The Carbon Capture Race: Transforming the North Sea into a CO2 Storage Network
Key Ideas
  • Global CCUS projects need $196 billion in new investment by 2034 to meet industrial demand, with the Northern Lights joint venture leading in Europe and North America.
  • Equinor secures new CO2 storage licenses in the North Sea, positioning itself to create a CO2 storage network for European heavy industry by 2035.
  • Governments worldwide are incentivizing CCUS projects, with the US, UK, and Canada leading in funding, while Wood Mackenzie predicts growth in Europe and the Middle East.
  • Asia-Pacific lags in CCUS efforts, but joint ventures like the one in Malaysia aim to bridge the gap between capture demand and supply in key sectors by 2034.
The article highlights the escalating global demand for carbon capture, utilization, and storage (CCUS) projects, with a projected $196 billion investment required by 2034. Leading the charge is the Northern Lights joint venture in Norway's Øygarden, aiming to address industrial demand through innovative carbon injection and storage solutions. Equinor, in partnership with Shell and TotalEnergies, is at the forefront of this energy transition, securing leading roles in several key projects. Notably, Equinor has obtained new CO2 storage licenses in the North Sea, including the Albondigas and Kinno fields, and the Smeaheia license, enhancing the region's potential as a CO2 storage network for European industries.
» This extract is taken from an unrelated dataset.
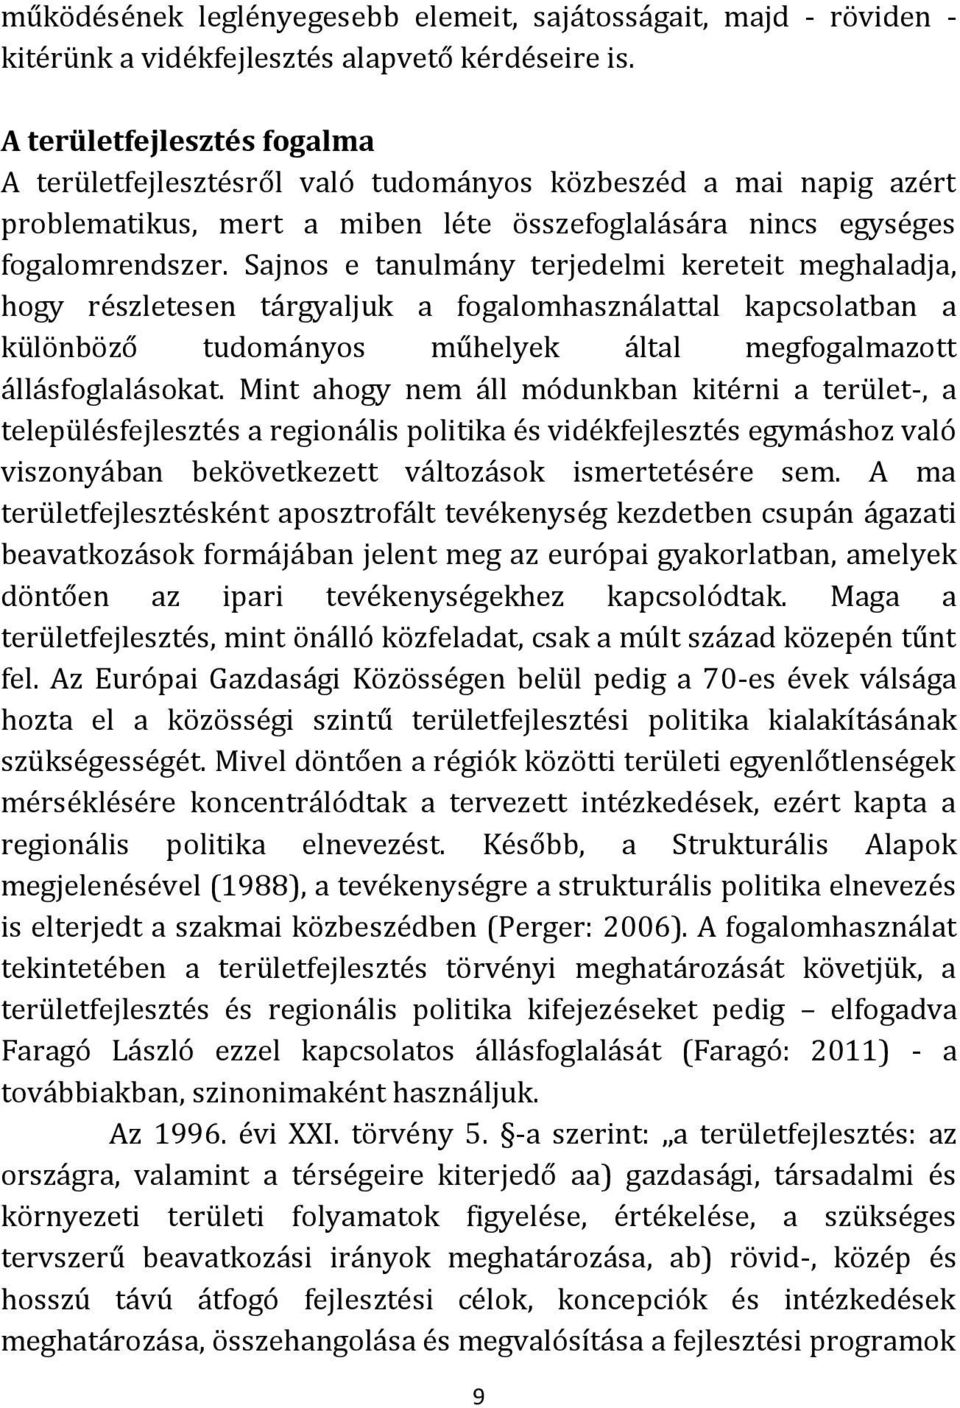 SZEKSZÁRDI SZOCIÁLIS MŰHELYTANULMÁNYOK 5. - PDF Ingyenes letöltés

The company also expands its footprint to Denmark, exploring CCS opportunities alongside partners like Ørsted and Nordsøfonden. Governments worldwide are actively driving CCUS projects through incentives and subsidies, with regions like the US, UK, and Canada taking the lead in funding support. The EU's Industrial Carbon Management Strategy is expected to further boost European projects, while the US provides substantial financial backing through schemes like the Inflation Reduction Act. In contrast, Asia-Pacific countries like China and India are slower in adopting CCUS measures, potentially leading to a gap in capture demand and supply. However, joint ventures like the one in Malaysia, involving Petronas, TotalEnergies, and Mitsui & Co., aim to bridge this divide and accelerate CCUS infrastructure development in the region. Although the US currently leads in carbon capture capacity, the operational facilities only absorb a fraction of the nation's CO2 emissions. Wood Mackenzie's forecast underscores the need for global collaboration and investment to achieve the projected CCUS capacity by 2034. The article portrays a positive sentiment towards the growing momentum in CCUS initiatives, with a focus on balancing costs and benefits while driving forward the energy transition towards a more sustainable future.